Supplied data:

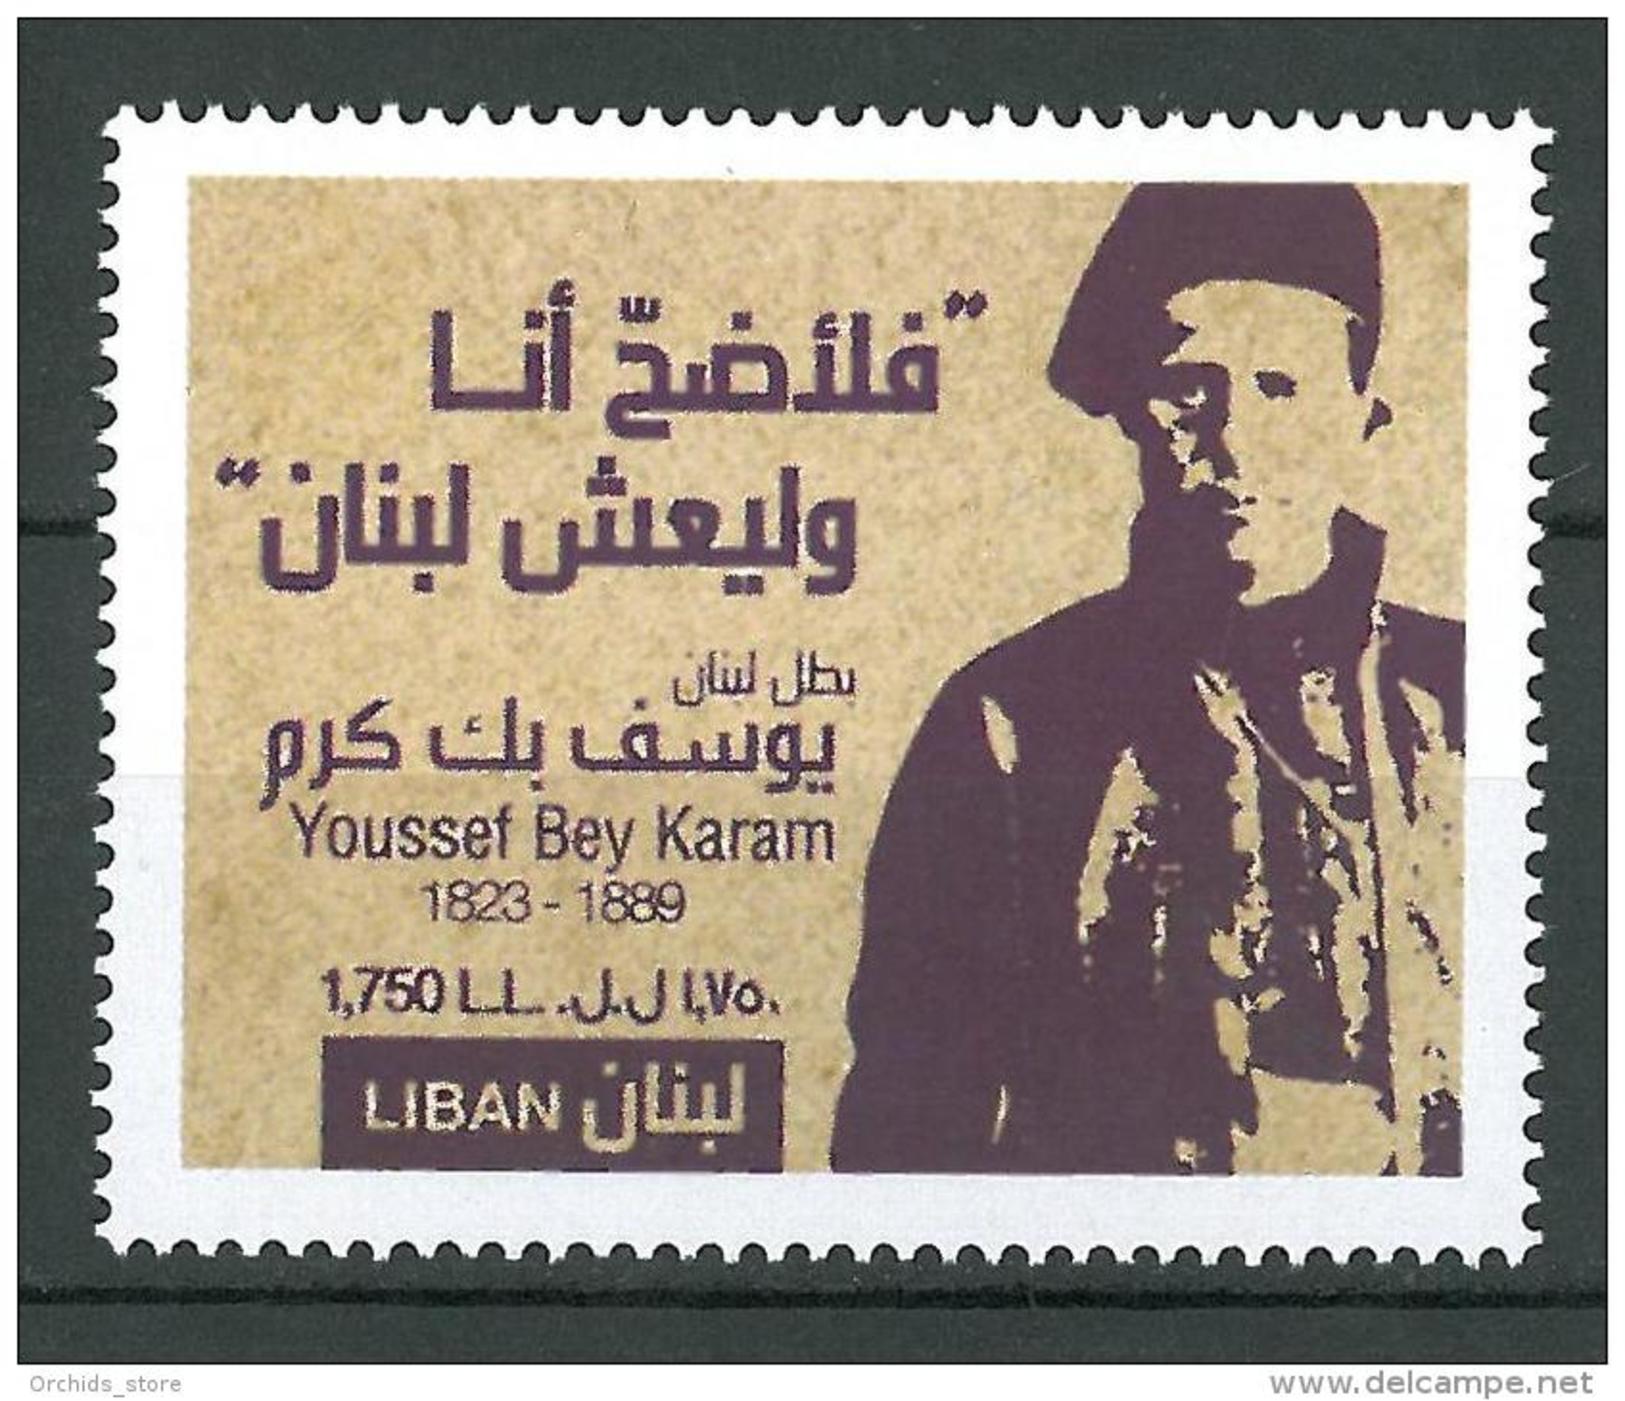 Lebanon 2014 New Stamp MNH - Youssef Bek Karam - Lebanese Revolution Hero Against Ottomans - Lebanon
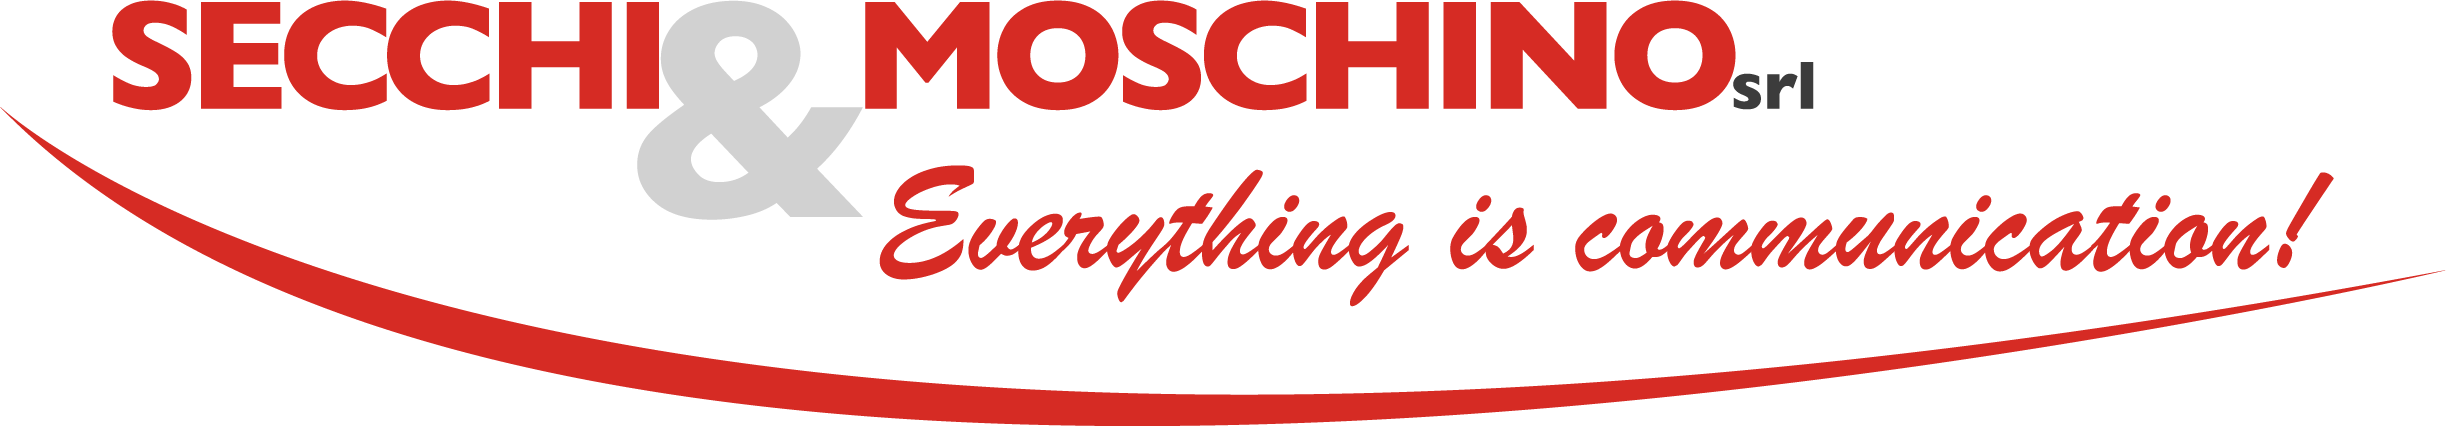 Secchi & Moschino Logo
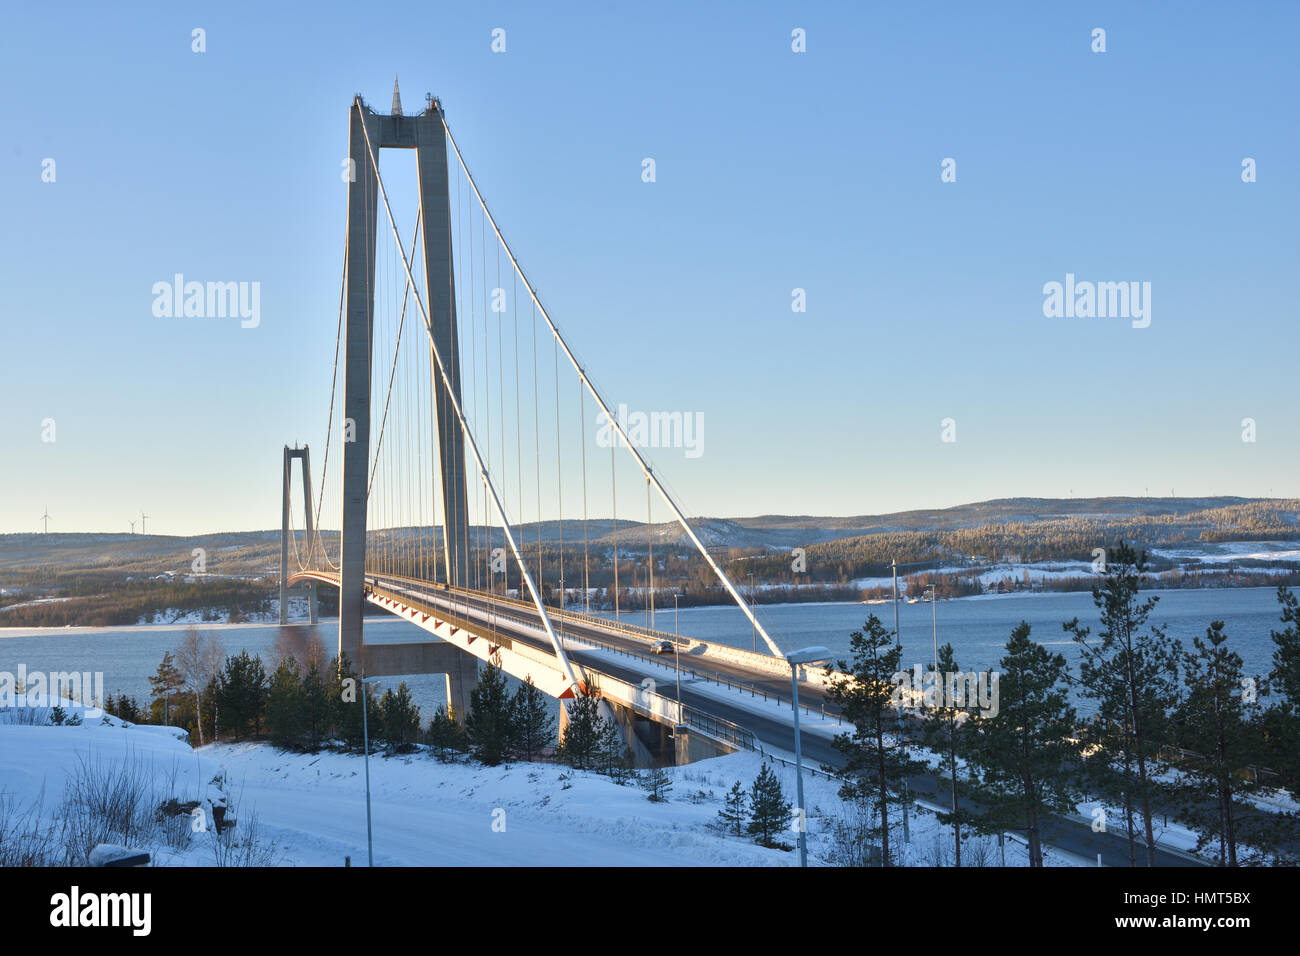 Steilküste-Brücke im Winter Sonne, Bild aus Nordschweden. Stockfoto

Exercise prompt:
Word-for-word output of the material above is needed, with the pictures left out.

Answer to this problem:
 Lebanon 2014 New Stamp MNH - Youssef Bek Karam - Lebanese Revolution Hero Against Ottomans - Lebanon
 Secchi & Moschino Logo
 Steilküste-Brücke im Winter Sonne, Bild aus Nordschweden. Stockfoto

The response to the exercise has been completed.